En vérité, elle ne veut pas qu’il se moque de son manque de créativité. Elle aurait tout simplement placé un contrat sur sa tête, et fait fuiter autant d’informations que possible à son sujet. Bien sûr, à l’époque, elle n’aurait pas été capable d’en transmettre beaucoup. Mais elle aurait essayé. Elle a bien failli.
— D’accord. Qu’est-ce qui t’a fait changer d’avis ? il s’aventure vers une question peut-être un peu moins risquée.
— Honnêtement ? Je crois que j’étais trop fatiguée, elle évite la question, notamment parce qu’elle en ignore la véritable réponse.
— Je crois surtout que tu me trouvais mignon, il propose avec l’un de ses petits sourires espiègles, toujours aussi présomptueux.
— Ne te surestime pas ; je t’ai épousé pour ton esprit, elle tente de lui rabattre son caquet, joueuse.
Elle le trouve mignon maintenant, mais sur le coup, c’était à des années-lumière de ses considérations à son sujet. C’était presque un monstre mythique, pour elle, dans les premiers temps de leur cohabitation.
— Menteuse ; j’ai toutes les qualités, il persiste cependant dans son arrogance, éhonté.

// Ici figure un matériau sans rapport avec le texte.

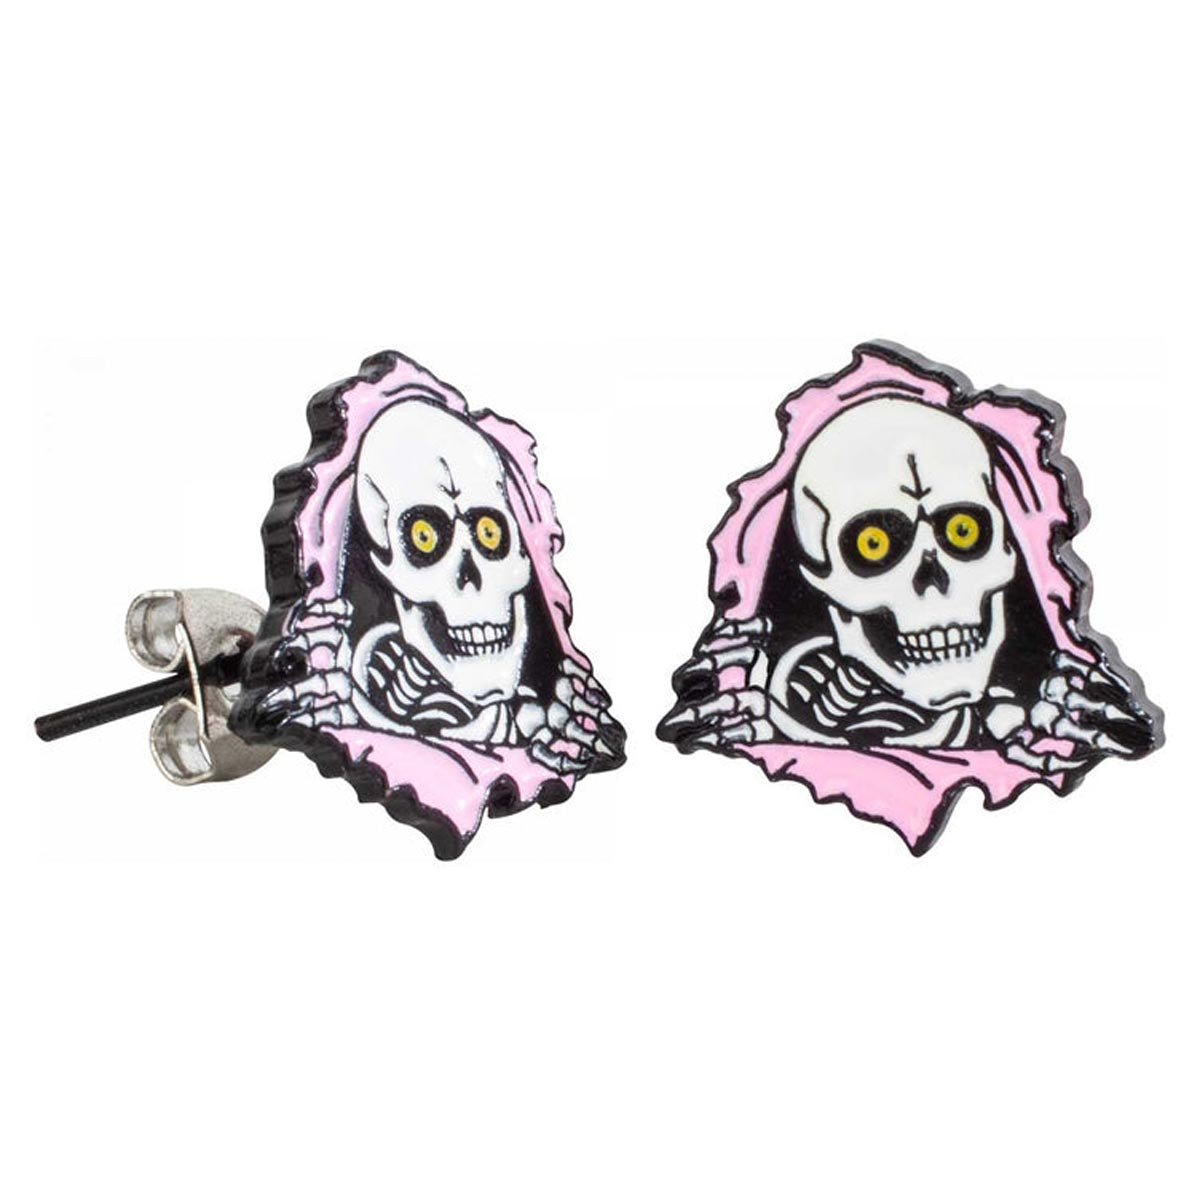 Powell Peralta Ripper Earrings - Pink image 2

— Ou peut-être que c’était le Syndrome de Stockholm, qui sait ? Peut-être que si j’allais voir un psy, je te quitterais, elle théorise au hasard, par une exagération grotesque.
Alors qu’elle s’exprime toujours sur le ton du badinage, son sourire à lui, si taquin une seconde plus tôt, est soudain un peu crispé.

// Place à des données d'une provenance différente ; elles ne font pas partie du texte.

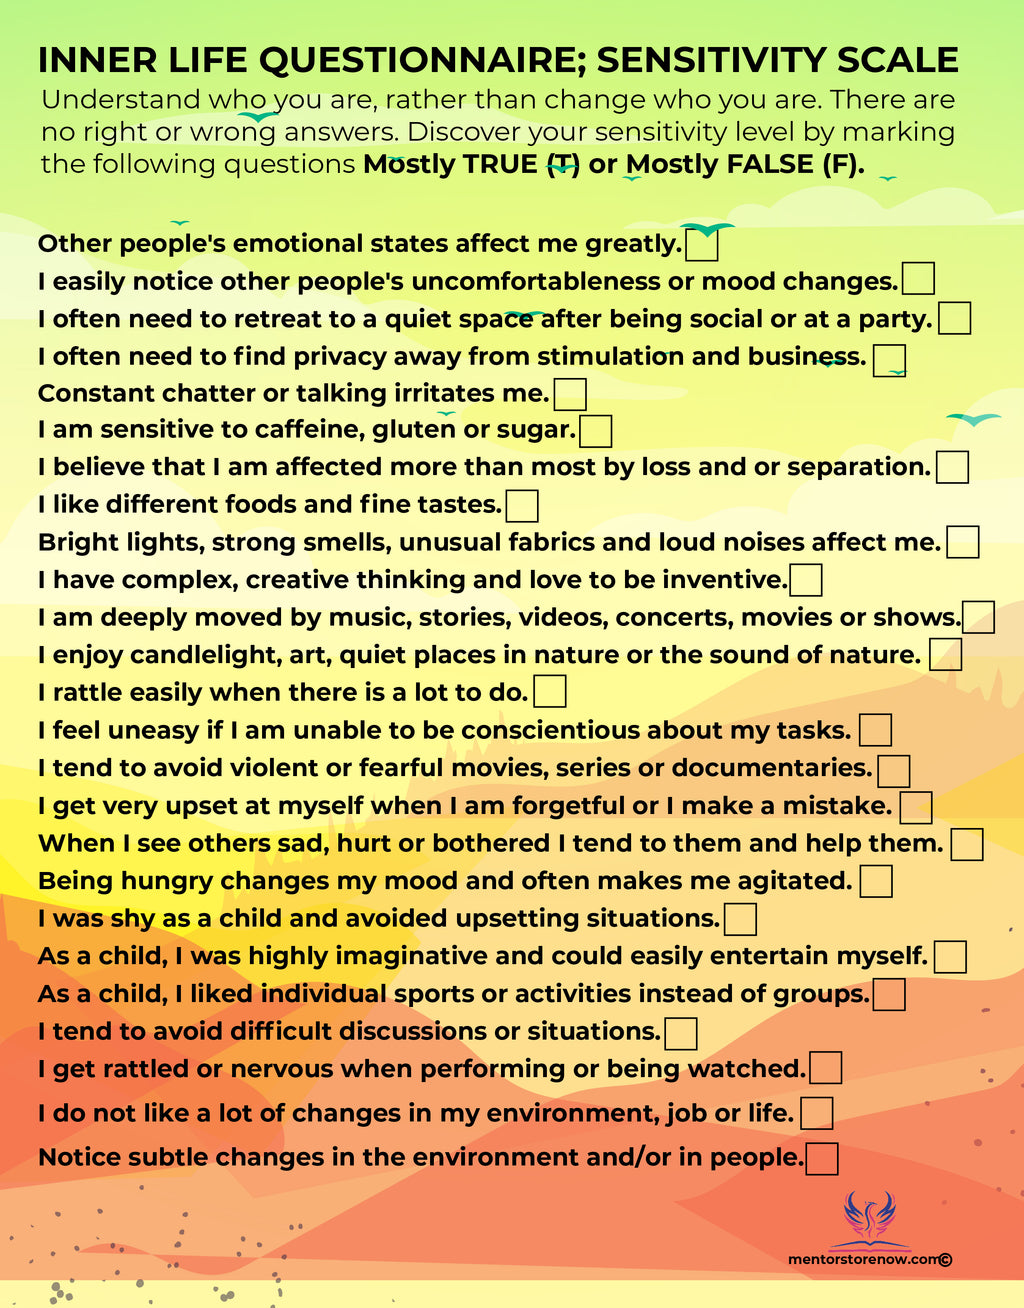 Inner Life Questionnaire / Sensitivity Scale

— Je sais que tu plaisantes, mais… S’il te plaît… Non, il réplique à cette idée.
Jasper n’est pas exactement un romantique. Encore moins que son épouse. Leur relation n’a jamais été peuplée de dîners aux chandelles et de balades en calèches, ni même seulement de bouquets de fleurs et de chocolats. Ils ont établi une routine, qui a simplement gagné en intimité au fil du temps. Ils ne se sont jamais fait de grandes déclarations, pas même pour leurs fiançailles ou l’échange de leurs vœux. Mais parfois, juste parfois, il va y avoir un petit moment comme celui-ci, furtif, facile à manquer malgré son importance, durant lequel un regard ou un mot peut transmettre toute la force de l’affection qu’ils ont l’un pour l’autre. Ce refus catégorique, aussi calmement prononcé soit-il, est l’un de ses moments.

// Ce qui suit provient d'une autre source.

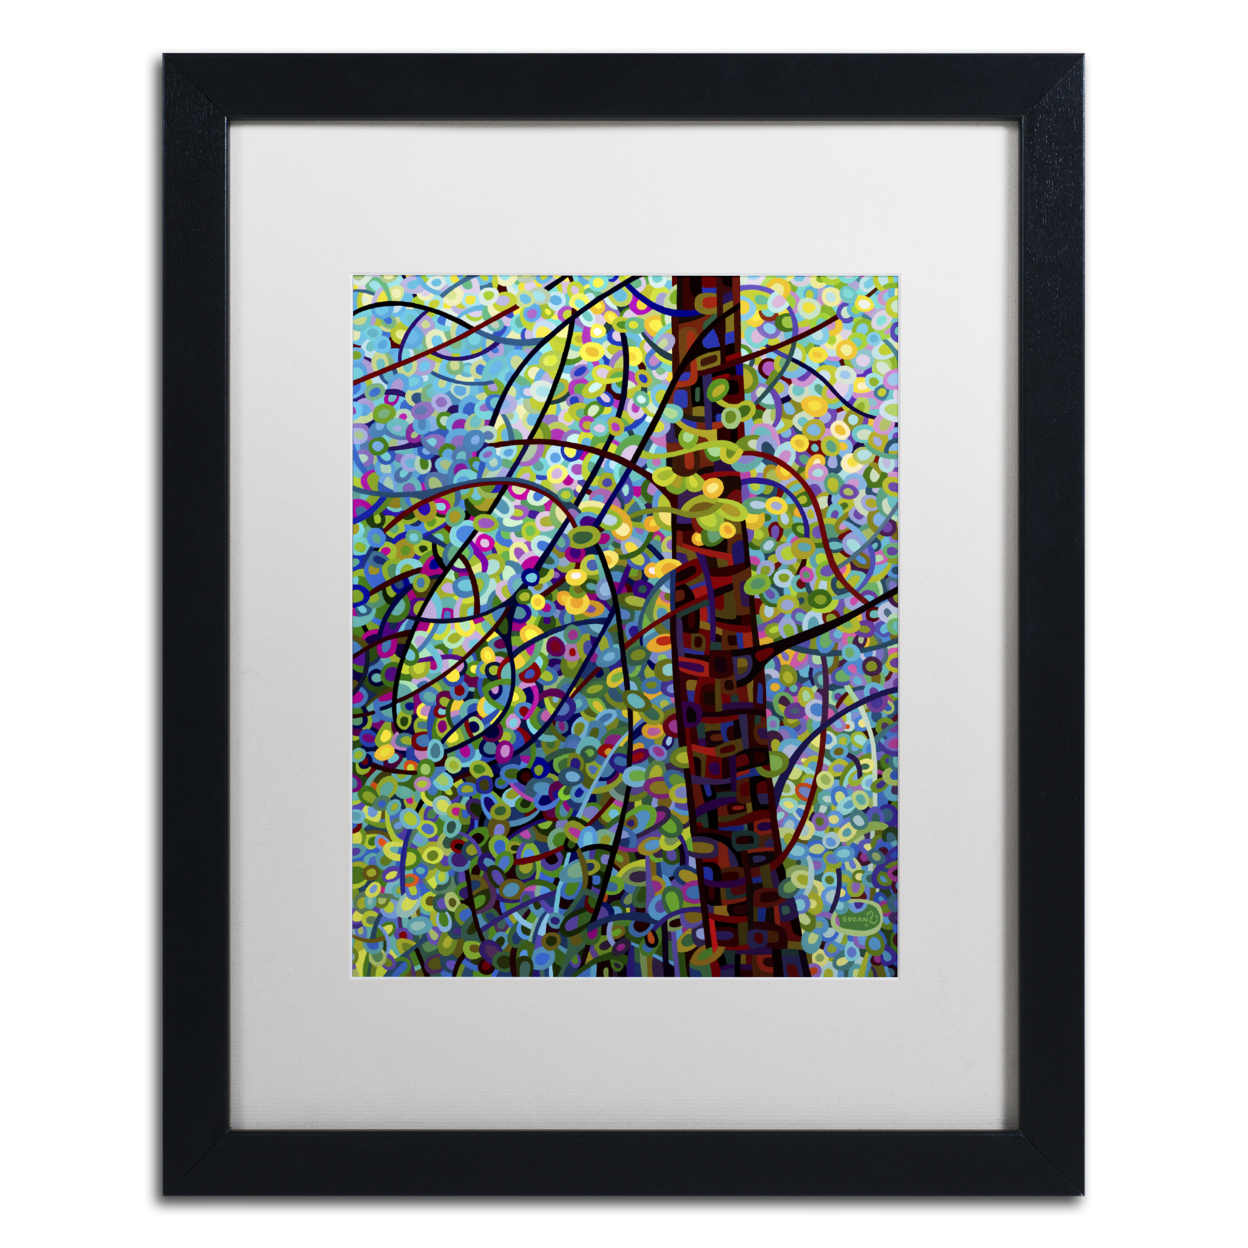 Mandy Budan 'Pine Sprites' Black Wooden Framed Art 18 X 22 Inches

Touchée, tout souvenir des circonstances catastrophiques de leur rencontre mis de côté, Ann se lève de son siège et va rejoindre son mari. Il semble surpris de son approche, se croyant sans doute de marbre en apparence, mais la laisse évidemment passer ses mains autour de son cou. Il y a très peu de gestes qui le font fondre plus efficacement que sa façon de se hisser sur la pointe des pieds pour effectuer une telle action.
— Je ne vais nulle part, elle lui promet.
Il n’en attendait pas tant, mais apprécie la confirmation. Il aurait été si facile pour elle de continuer à le taquiner, appuyer sur la seule brèche d’insécurité dans son armure de matamore. Elle le fait parfois, gentiment. Il le lui rend bien. Il pourrait regretter de s’être attaché à quelque chose qu’il a désormais peur de perdre, ce qui ne lui était jamais réellement arrivé avant elle. Ce n’est pas le cas. Il n’échangerait la férocité dont elle le rend capable pour rien au monde. Il cherchait simplement à combler l’ennui de son isolement, lorsqu’il a provoqué leur rencontre, et a trouvé bien plus que ça. Écartant une mèche bouclée de son oreille, il vient ensuite laisser reposer sa main derrière sa nuque alors qu’il dépose un baiser sur son front.